There’s a reason that most museums make extensive use of red velvet ropes and signs asking people not to touch, move, or sit on the art.
What should be obvious, especially when the items on display are valuable, is somehow lost on some people.
It’s sad, but true.
Add in the fact that the standard mantra of seemingly all tourists is “pics or it didn’t happen”, and you have a recipe for disaster.
This was the case in Italy, when an Austrian man visiting the Gipsoteca Museum in Possagno on July 31, decided to hop onto a cast model of Antonio Canova’s statue of Paolina Bonaparte.
He managed to break off three of its toes, while his fellow traveller took a picture.
Over to CNN:
The damaged statue is the original plaster cast model from which Canova carved a marble statue that is housed in the Borghese Gallery in Rome.

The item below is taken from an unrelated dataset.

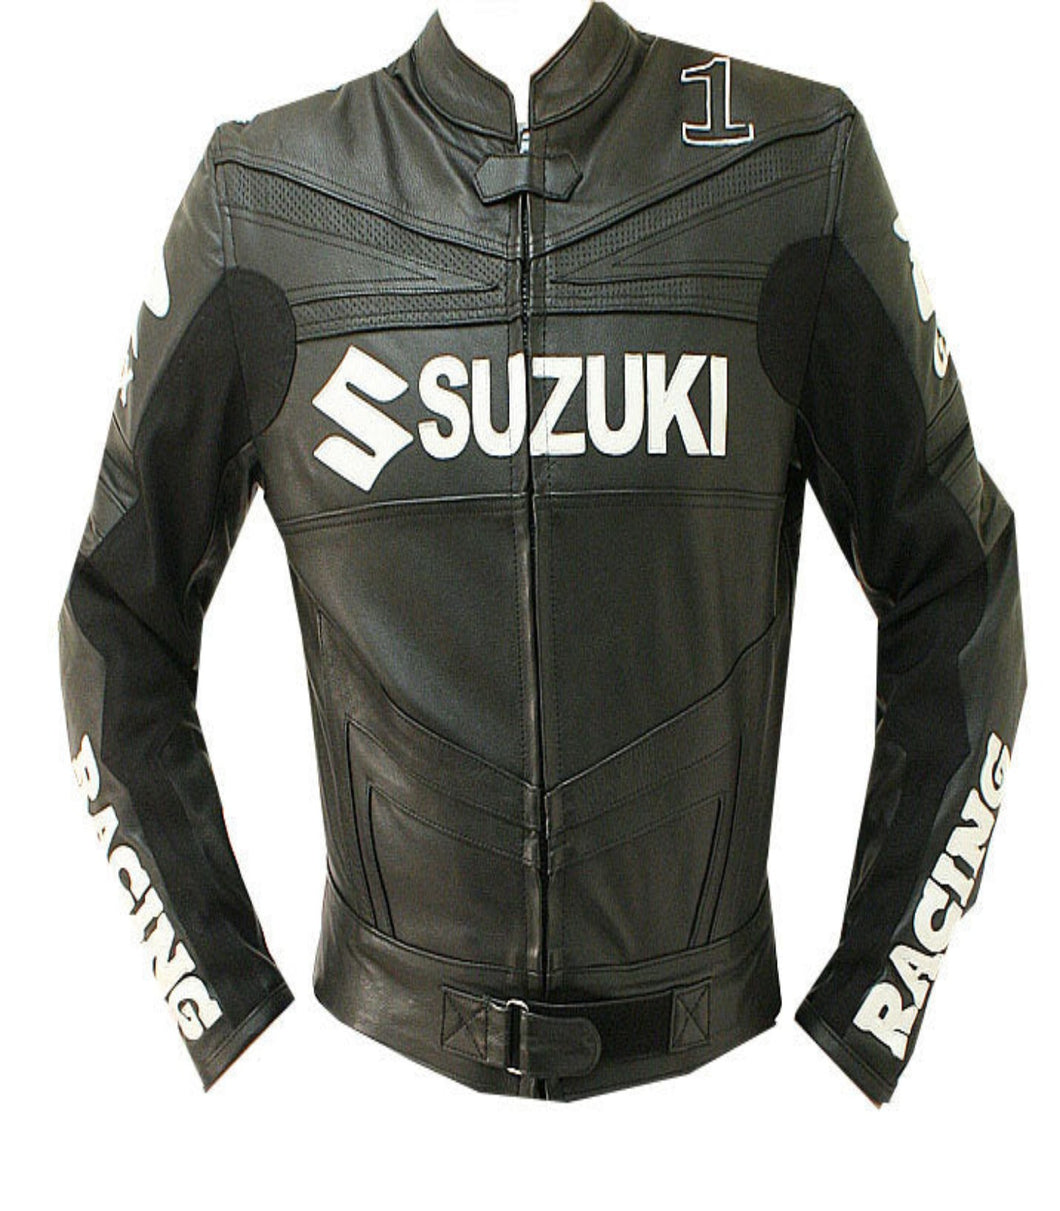 Suzuki Black Leather Biker Jacket

Canova was a revered sculptor who lived from 1757-1822 and was famous for his marble statues.
Police told CNN that the man was with a group of eight Austrian tourists and broke away to take a selfie of himself “sprawled over the statue.”

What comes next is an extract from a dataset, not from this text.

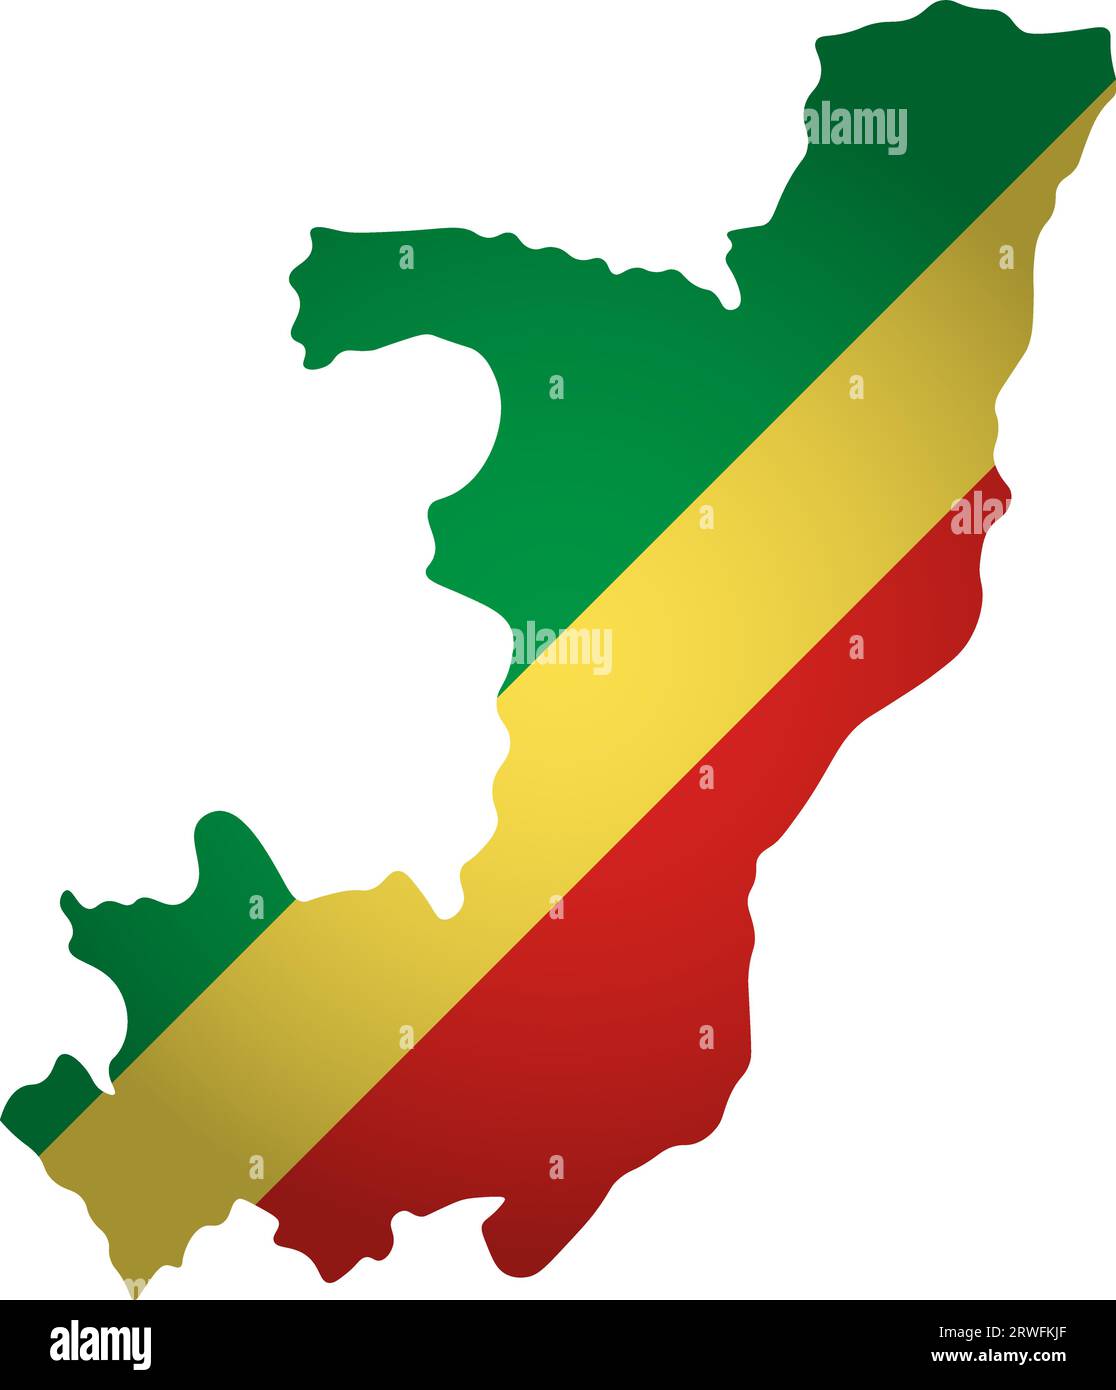 Illustration avec drapeau national avec forme simplifiée de la carte de la République du Congo (jpg). Ombre de volume sur la carte Illustration de Vecteur

For the record, the statue is more than 200 years old, and survived two World Wars, only to be damaged by the idiocy of a tourist.
Watch him in action:
Note how he saunters off as if nothing happened.
Museum officials were not impressed:
Vittorio Sgarbi, the president of the Antonio Canova Foundation, wrote in a Facebook post that he has asked police for “clarity and rigor.”
He wrote that the man must not “remain unpunished and return to his homeland. The scarring of a Canova is unacceptable.”
Yeah, don’t mess with the Italians and their art, it won’t end well.
Coronavirus measures mean that all museum visitors must leave their personal information for eventual contact tracing in the event that an outbreak is tied to a museum visit. This is how the man was identified.
When police contacted a woman who signed in on behalf of herself and her husband, she burst into tears and admitted her husband was the toe breaker…
The husband, who was also upset, then confessed and repented for the “stupid move,” according to the release.
Stupid, indeed.
Given that he failed to tell anybody what had happened, my sympathies are limited.